To reflect his roles and responsibilities, on December 16, 2019 RCPC entered
into an employment agreement with Mr. Pedreiro (the "Employment Agreement"),
with the term commencing as of the Effective Date and continuing on an at-will
basis until terminated by either party, subject to the terms and conditions of
the Employment Agreement. Revlon executed such agreement effective as of January
2, 2020. Mr. Pedreiro's Employment Agreement provides that he will serve as the
Company's Chief Operating Officer at an annual base salary of not less than
$820,000, with a target annual bonus opportunity of 100% of his base salary (the
"Target Bonus"), with the possibility of exceeding such amount based upon the
Company's and/or his over-achievement of the applicable performance objectives.

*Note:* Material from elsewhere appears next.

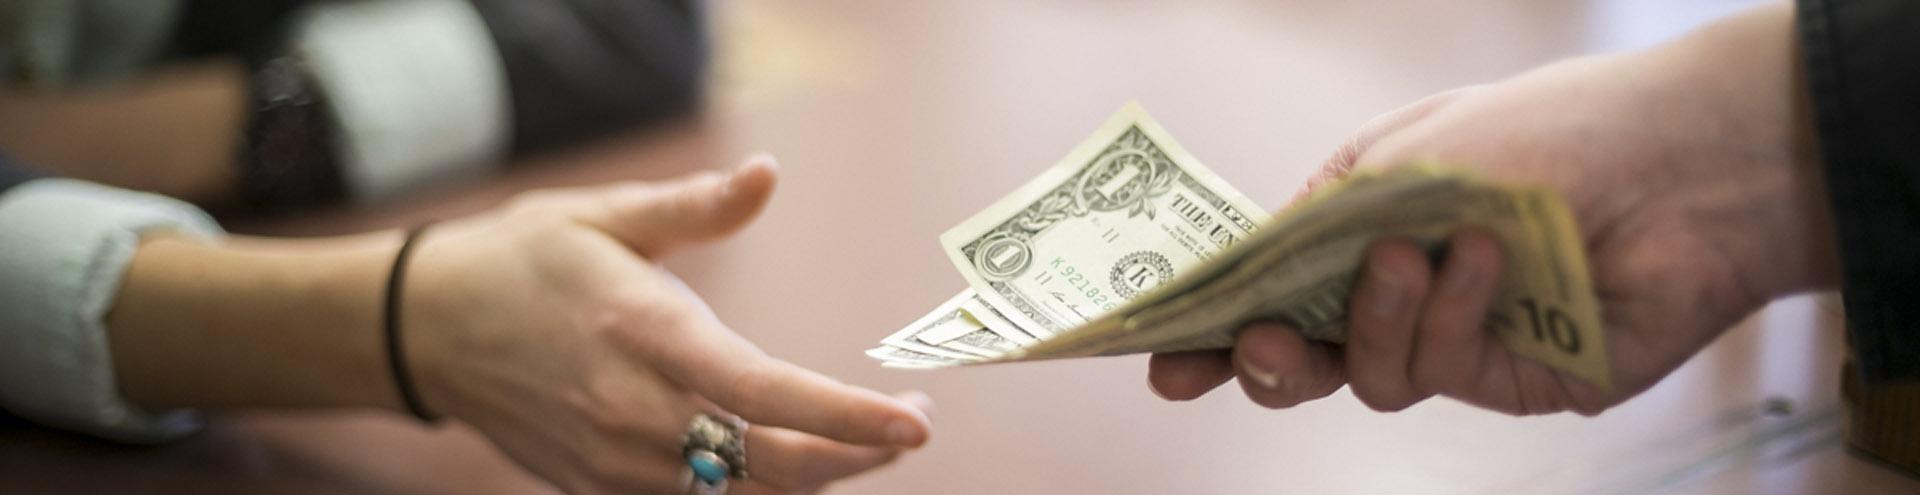 взыскание долгов в Краснодаре и Краснодарском крае

Pursuant to his Employment Agreement, Mr. Pedreiro's annual bonus for 2020
will not be less than $820,000 and he will receive a $780,000 sign-on bonus to
be paid 50% on the first payroll date following the Effective Date and 50% on
the first payroll date after May 4, 2020, subject to his continued employment on
each such payment date; provided, however, if within 24 months of the Effective
Date, his employment terminates other than by the Company without cause, Mr.
Pedreiro will be required to repay the full amount of the sign-on bonus paid to
him, on a net after-tax basis, by no later than 10 days following any such
termination date. Commencing in 2020, Mr. Pedreiro will participate in the
Company's long-term incentive program ("LTIP"), with his 2020 LTIP having a
target value of $2,200,000. Mr. Pedreiro is also eligible to participate in
other benefit and perquisites plans generally made available to the Company's
other senior executives at his level.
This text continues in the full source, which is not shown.